# Data below
☆ ☆ ☆ ☆ ☆
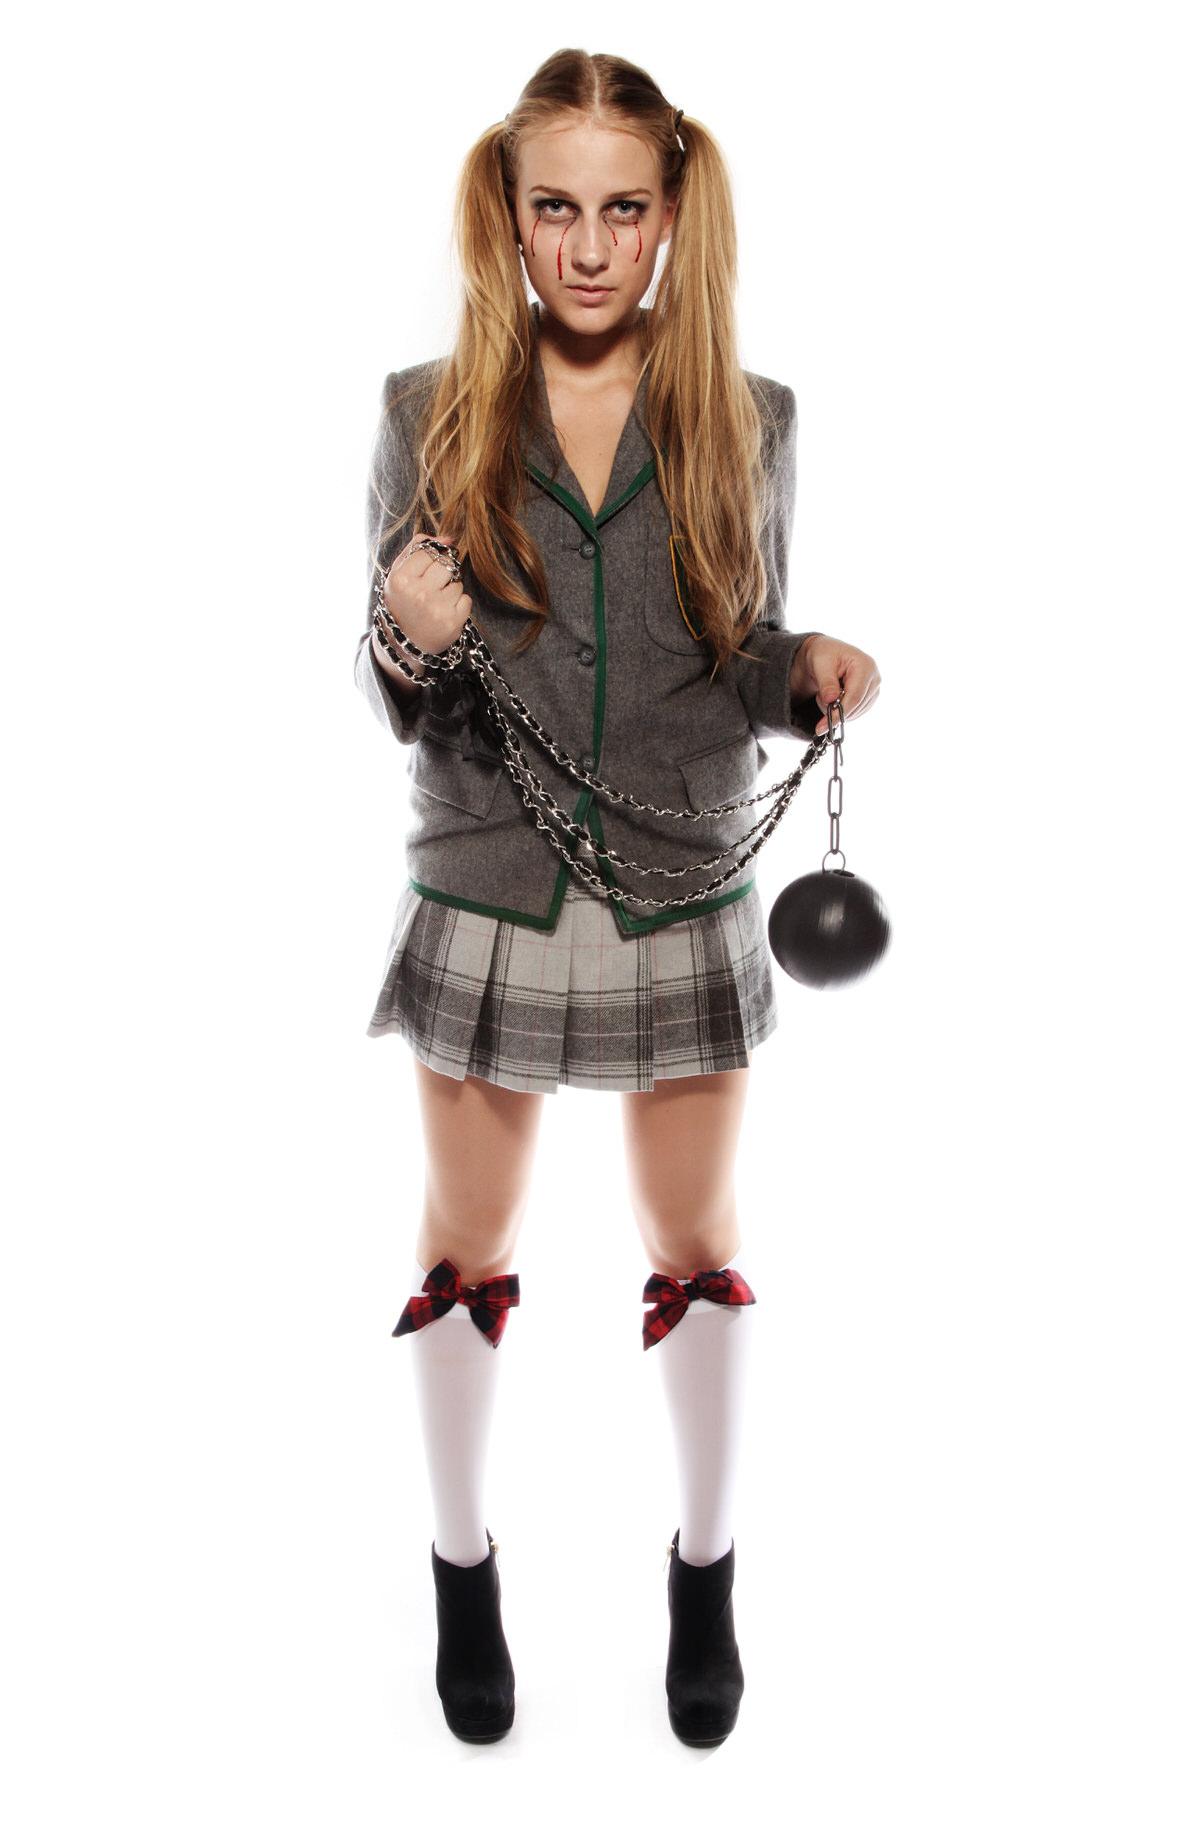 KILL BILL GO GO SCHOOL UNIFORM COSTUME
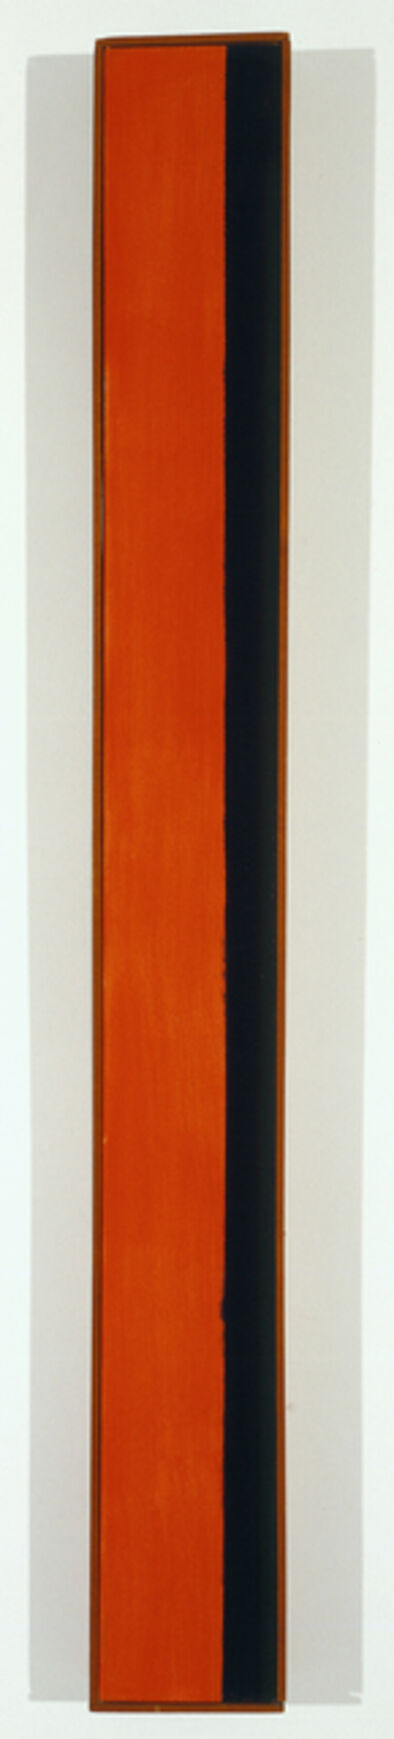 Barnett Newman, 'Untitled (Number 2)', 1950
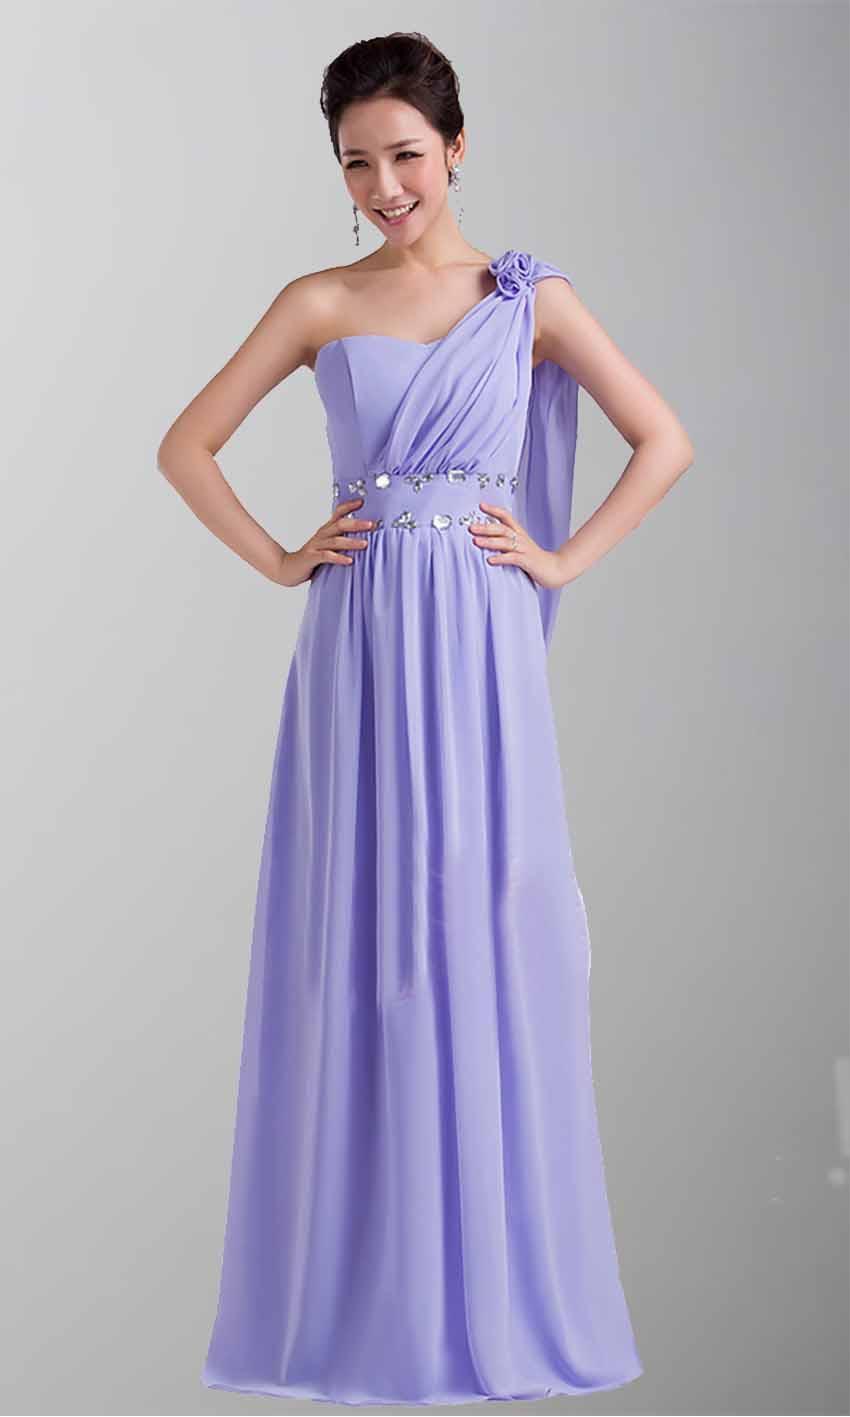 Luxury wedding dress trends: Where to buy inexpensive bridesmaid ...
☆ ☆ ☆ ☆ ☆
# Assignment
One exact copy of the data is required, and it should hold no pictures.

# Solution for this task
 KILL BILL GO GO SCHOOL UNIFORM COSTUME
 Barnett Newman, 'Untitled (Number 2)', 1950
 Luxury wedding dress trends: Where to buy inexpensive bridesmaid ...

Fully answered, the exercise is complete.